● **Source material**:

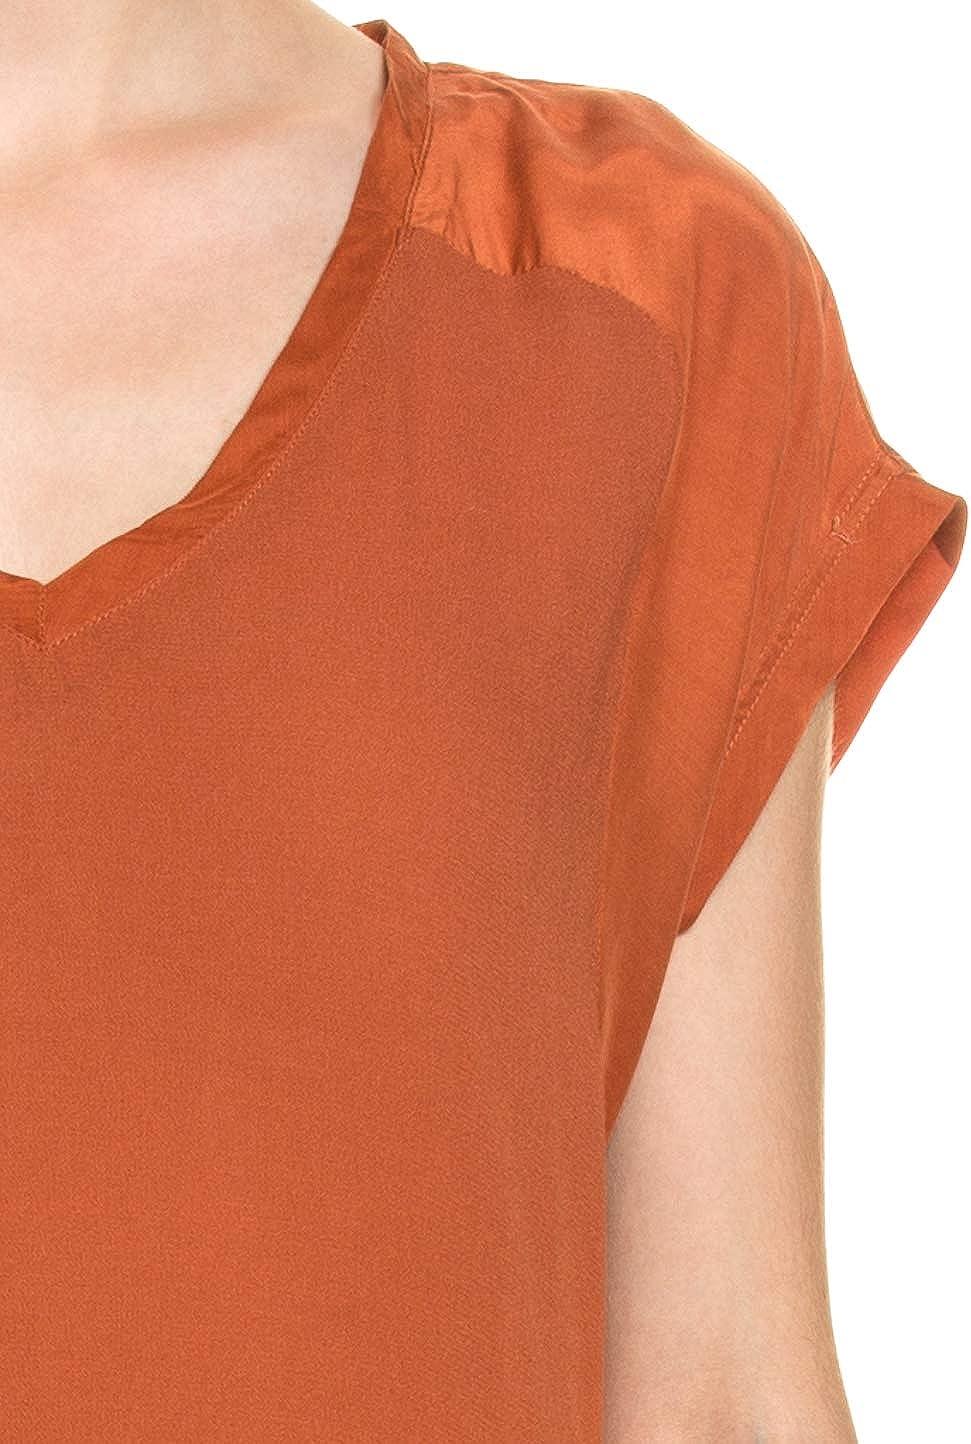 YAYA Short Sleeve Fabric Mix Dres Ladies Dress Baked Clay
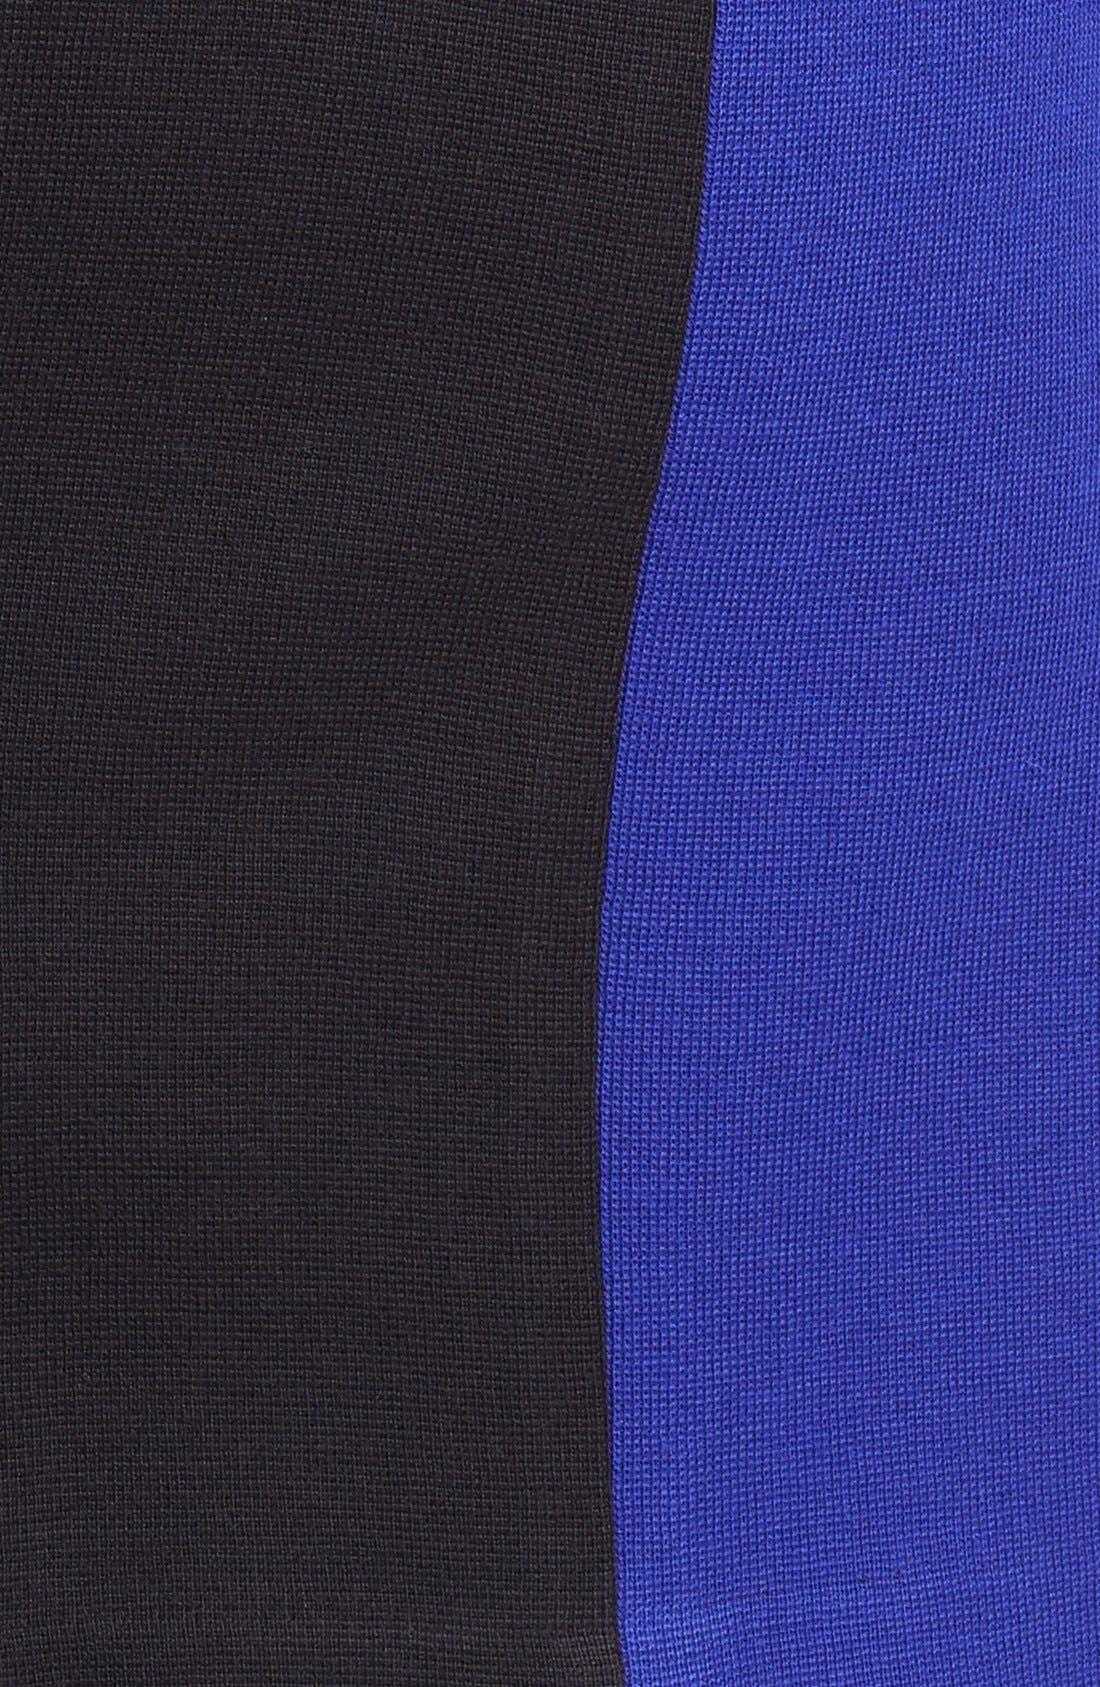 Alternate Image 3  - Milly Colorblock Sheath Dress
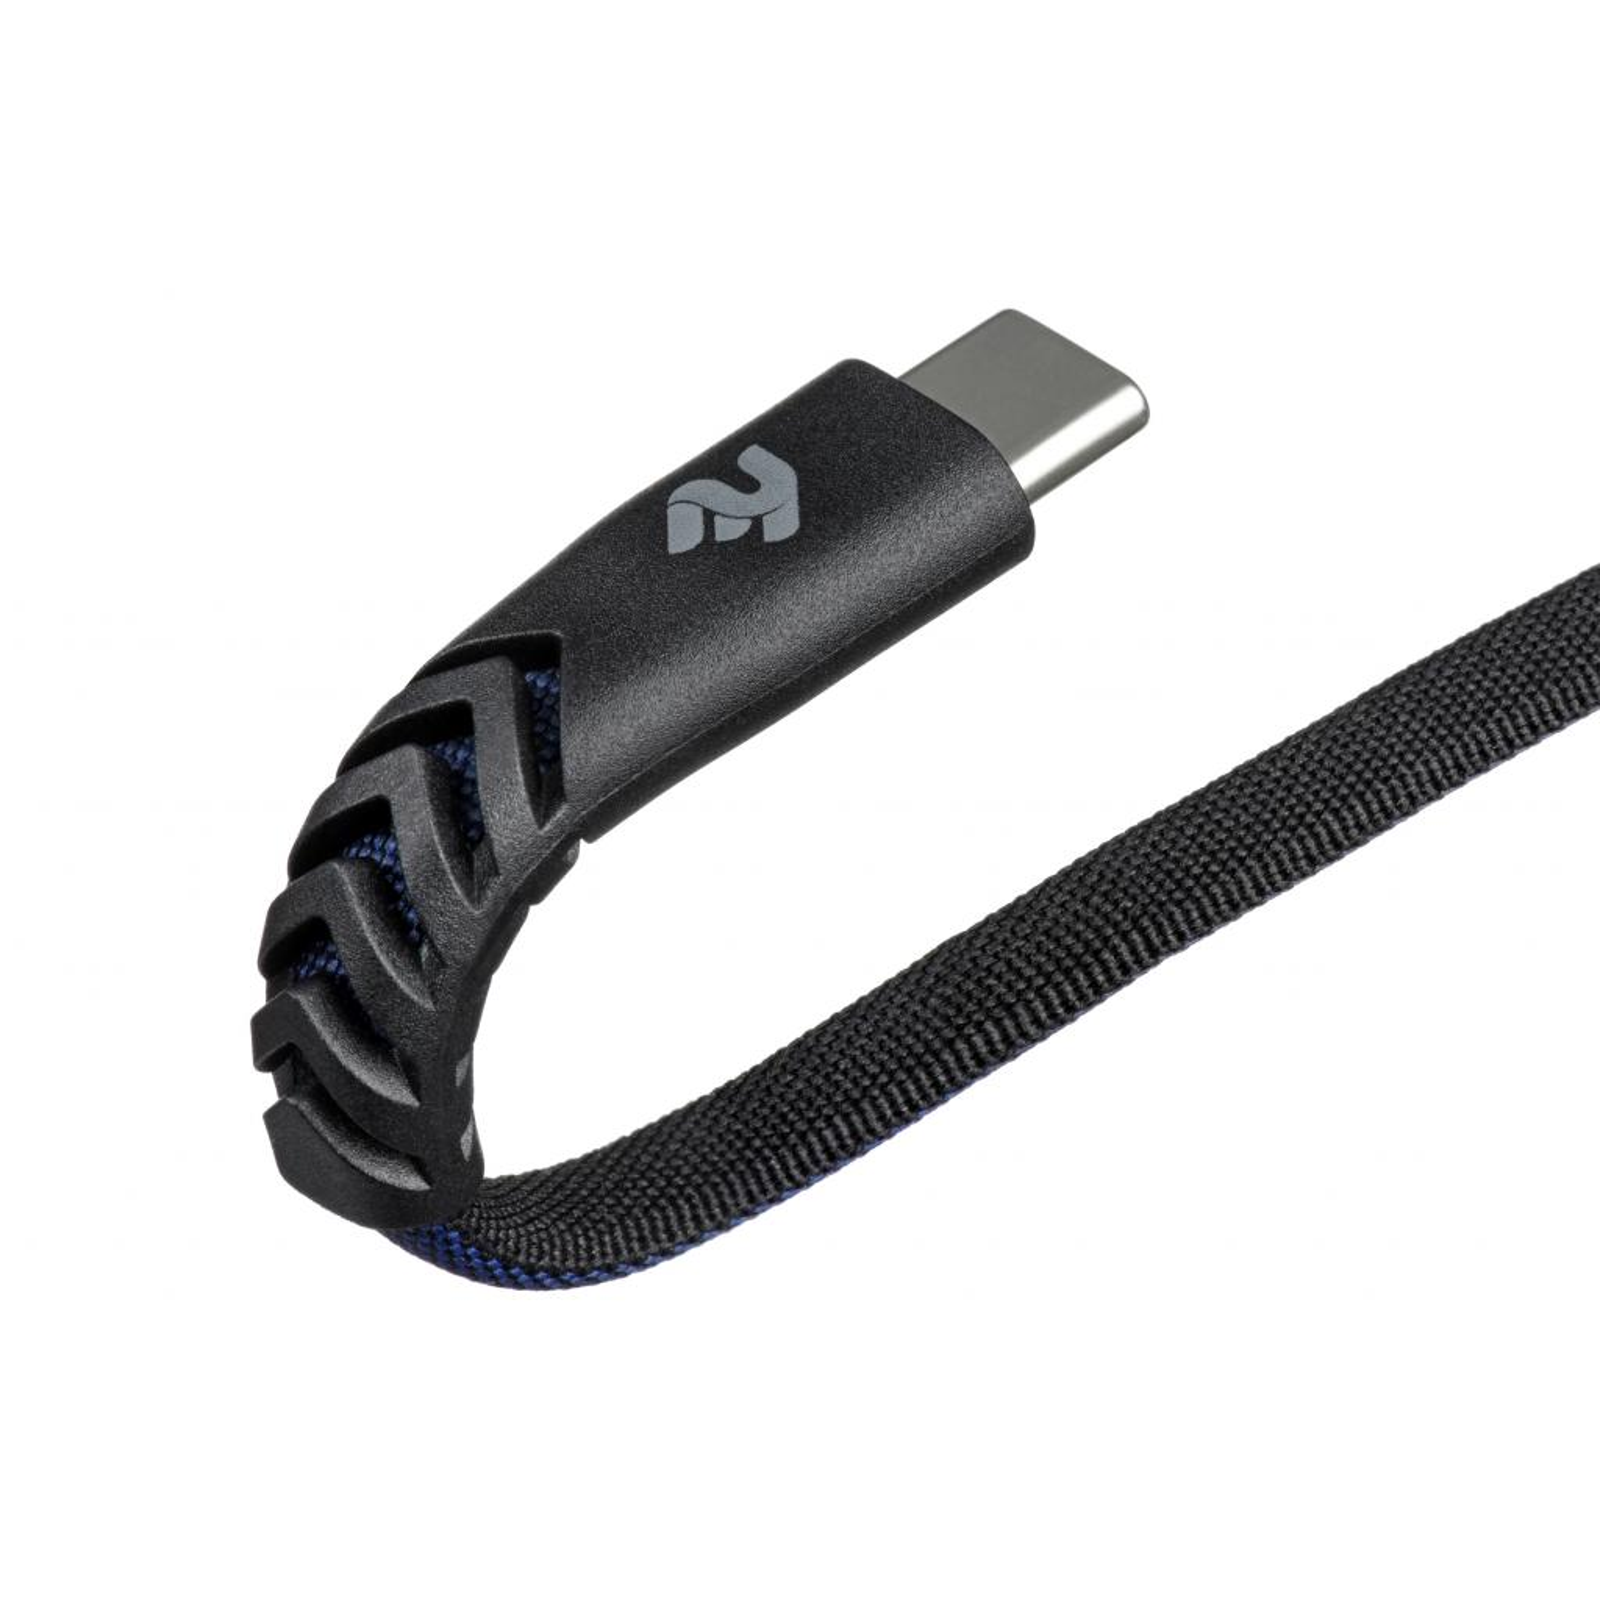 Дата кабель USB 2.0 AM to Type-C 1.0m Flat fabric urban, black/blue 2E (2E-CCTT-1MBL) изображение 3

● **What you should do**:
Write out the data word for word, with every picture dropped.

● **Reply to the task**:
 YAYA Short Sleeve Fabric Mix Dres Ladies Dress Baked Clay
 Alternate Image 3  - Milly Colorblock Sheath Dress
 Дата кабель USB 2.0 AM to Type-C 1.0m Flat fabric urban, black/blue 2E (2E-CCTT-1MBL) изображение 3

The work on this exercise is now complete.